BEGIN DATA BELOW
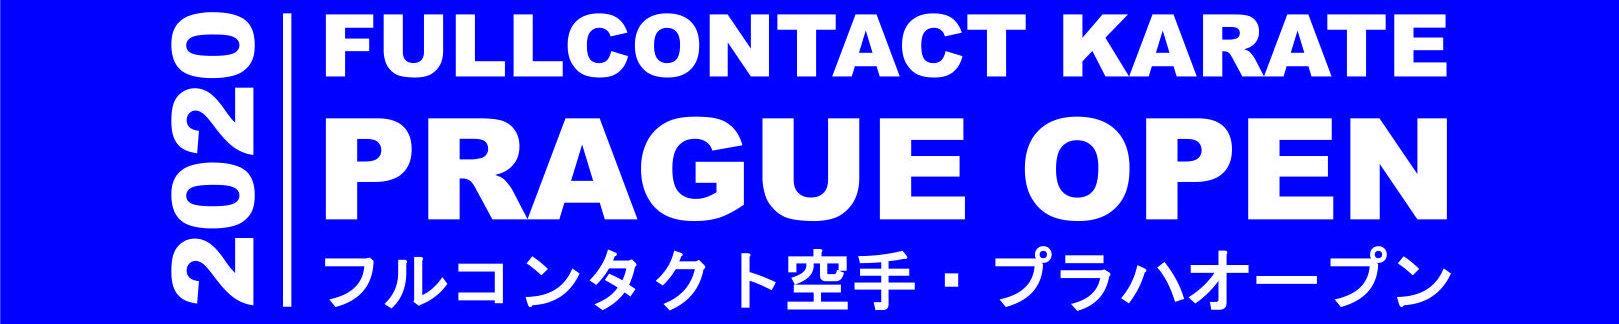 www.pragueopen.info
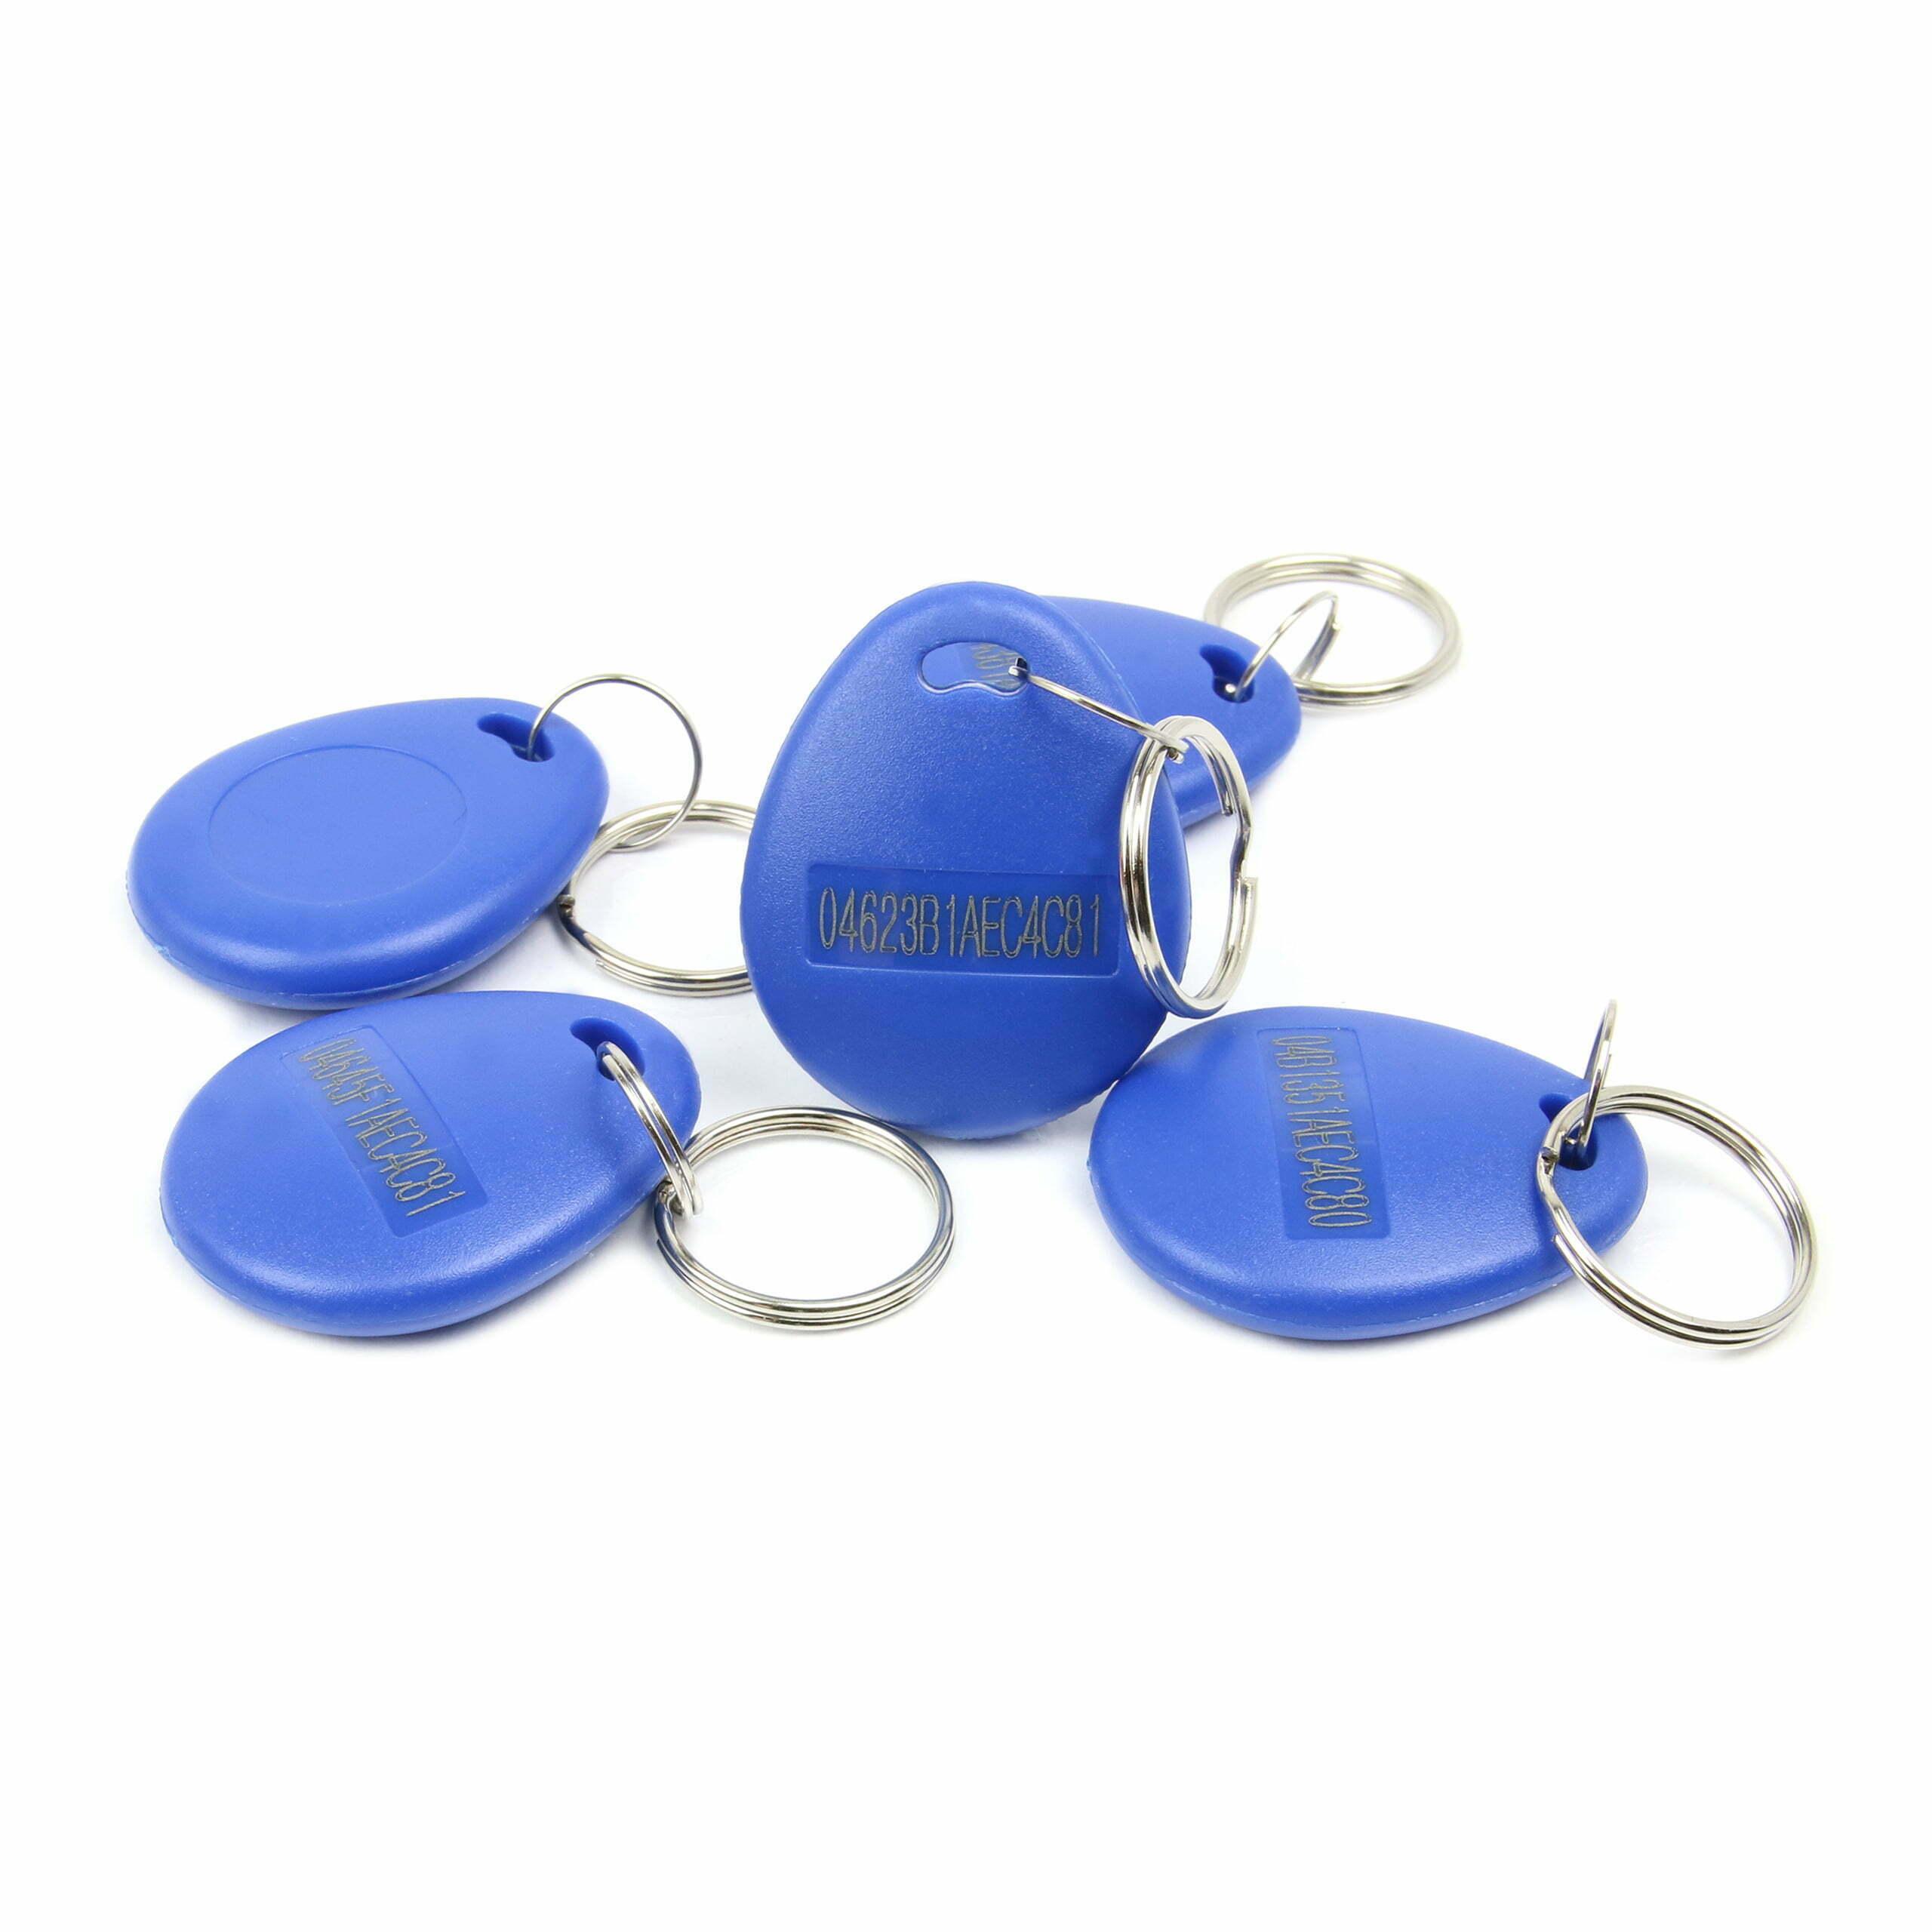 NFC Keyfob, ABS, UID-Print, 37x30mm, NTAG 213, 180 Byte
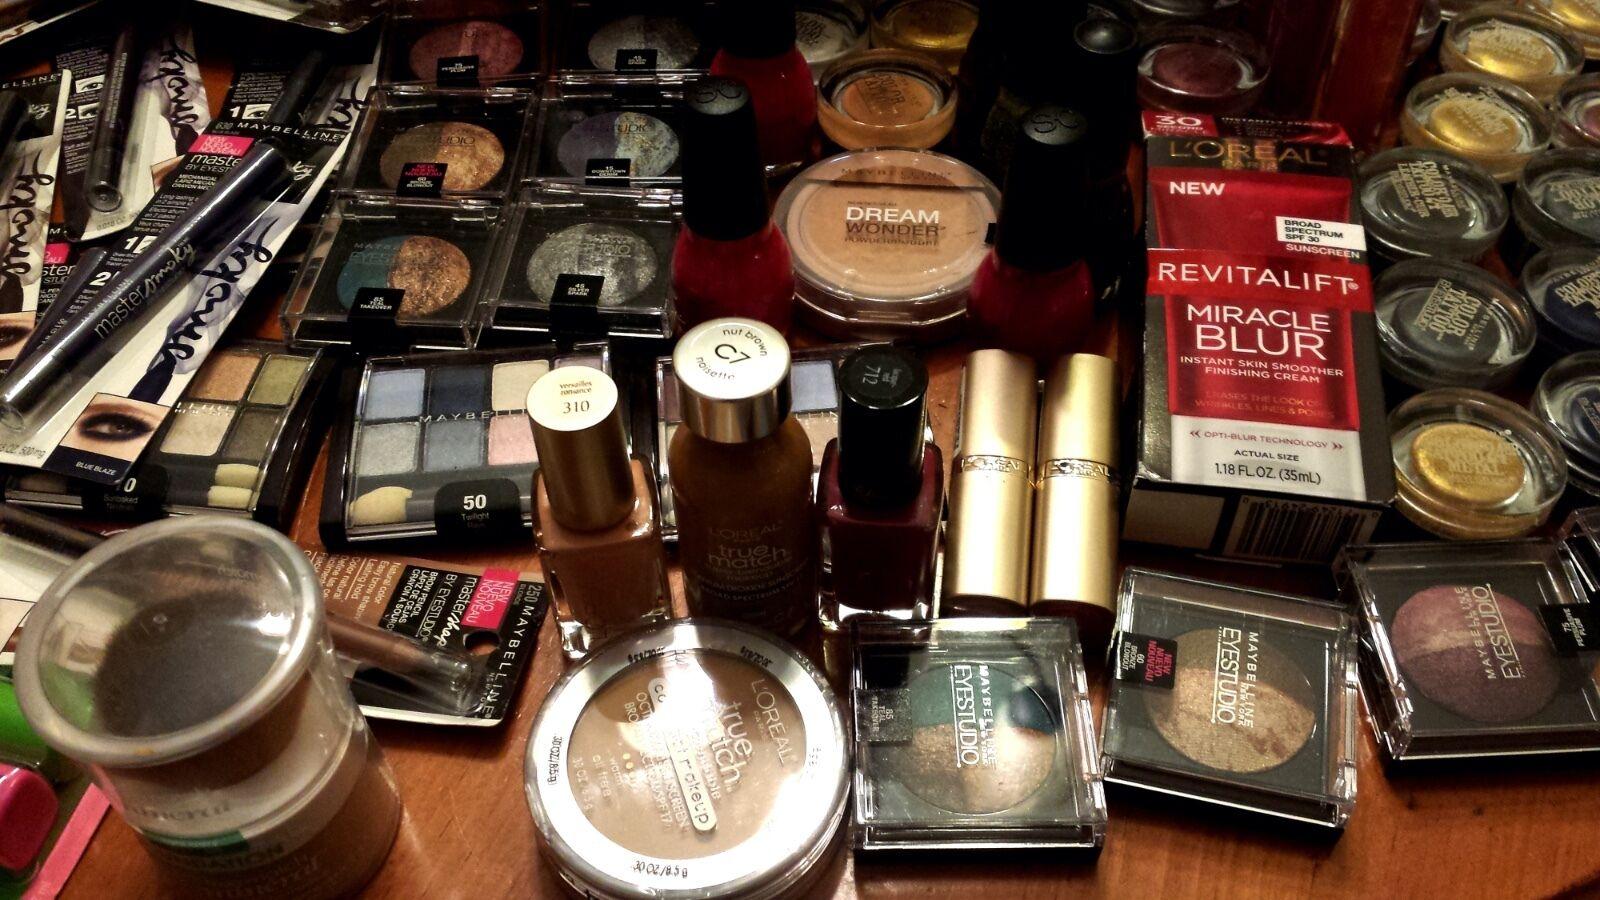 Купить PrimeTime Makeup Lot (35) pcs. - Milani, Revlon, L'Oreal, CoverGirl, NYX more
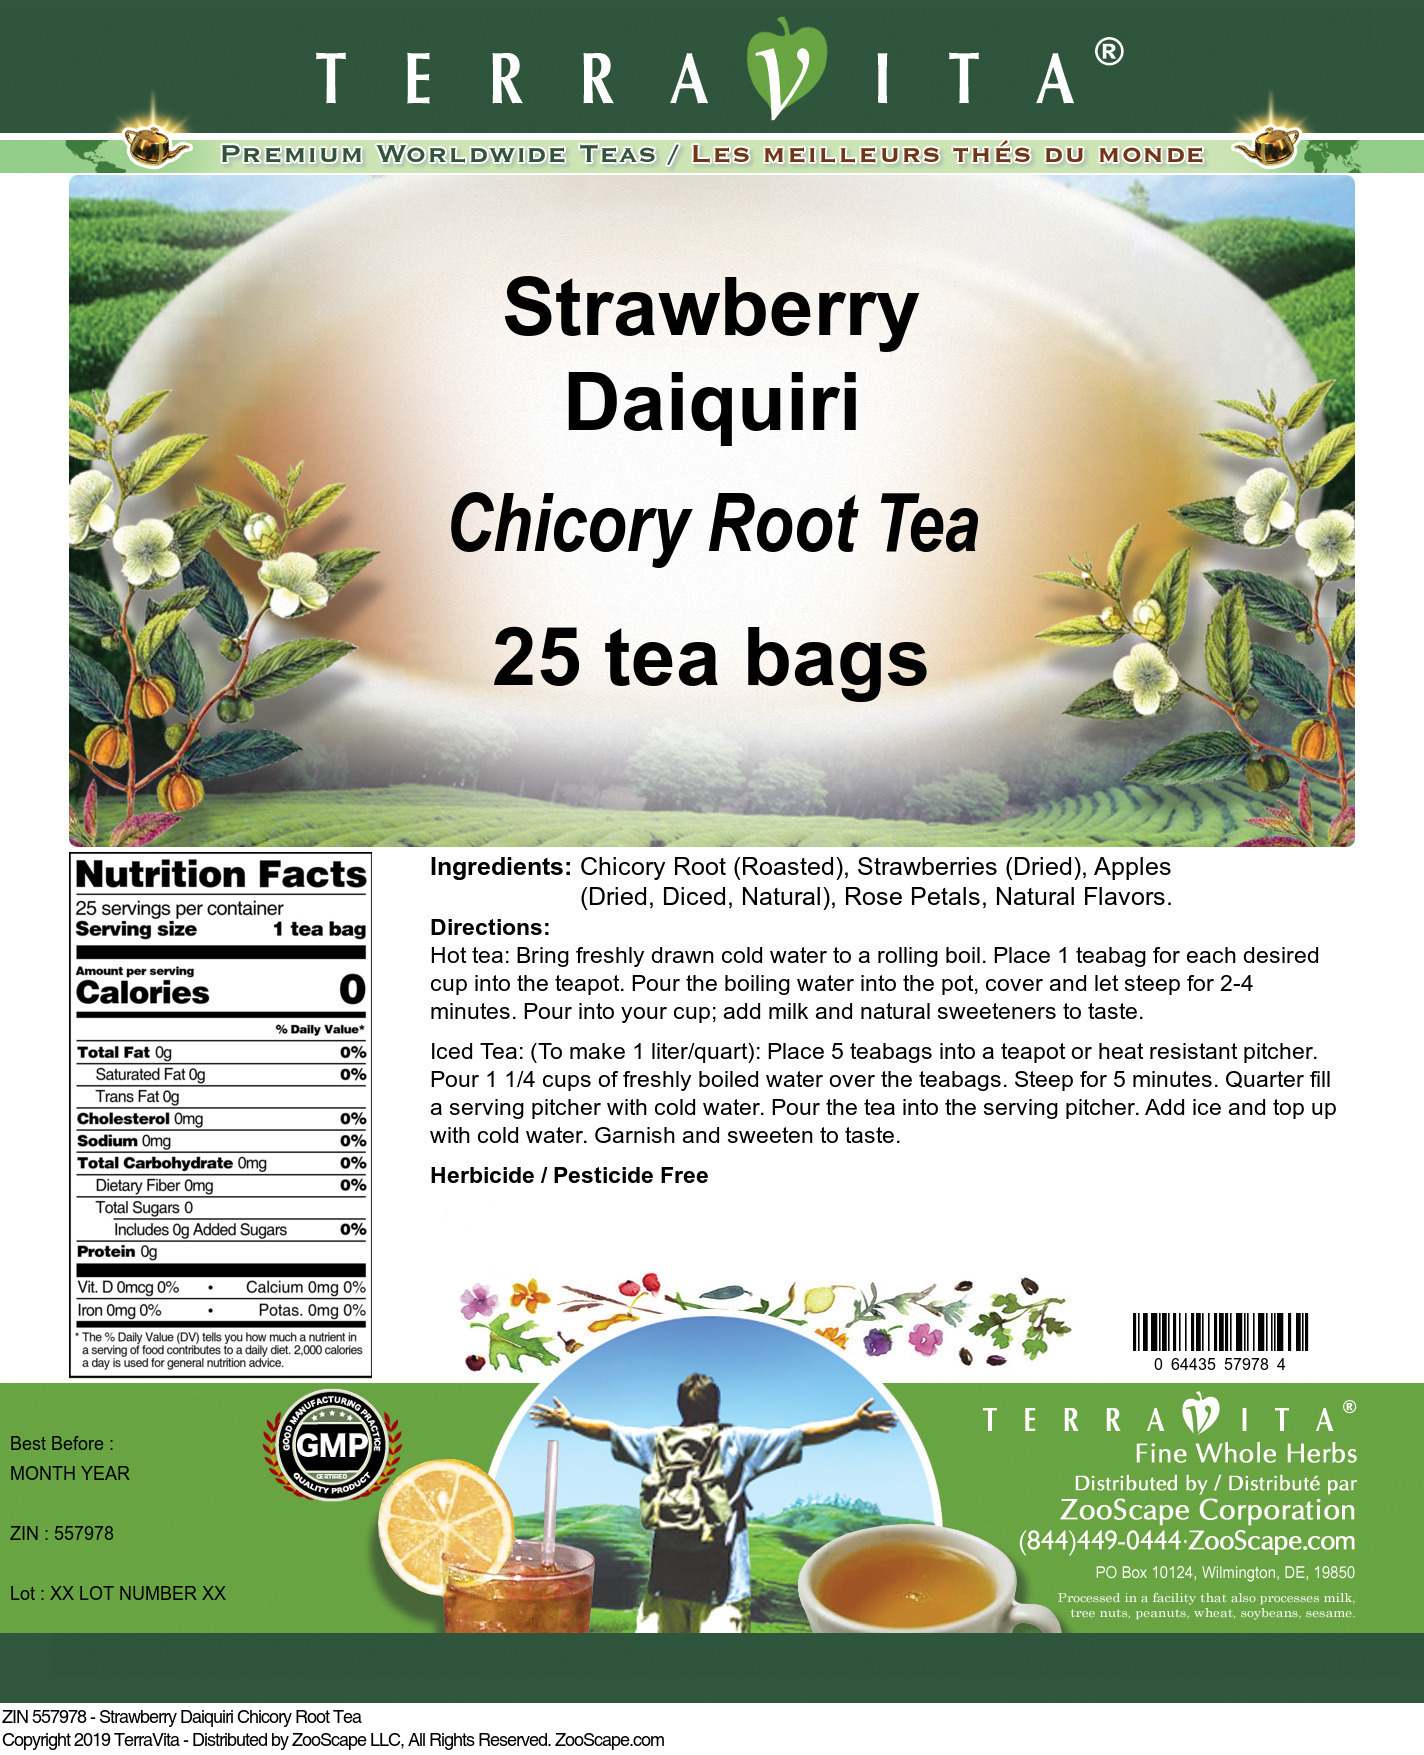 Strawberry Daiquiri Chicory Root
END DATA BELOW
EXERCISE GOAL:
Copy out the listing above exactly, and keep the pictures out of it.

ANSWER SPACE:
 www.pragueopen.info
 NFC Keyfob, ABS, UID-Print, 37x30mm, NTAG 213, 180 Byte
 Купить PrimeTime Makeup Lot (35) pcs. - Milani, Revlon, L'Oreal, CoverGirl, NYX more
 Strawberry Daiquiri Chicory Root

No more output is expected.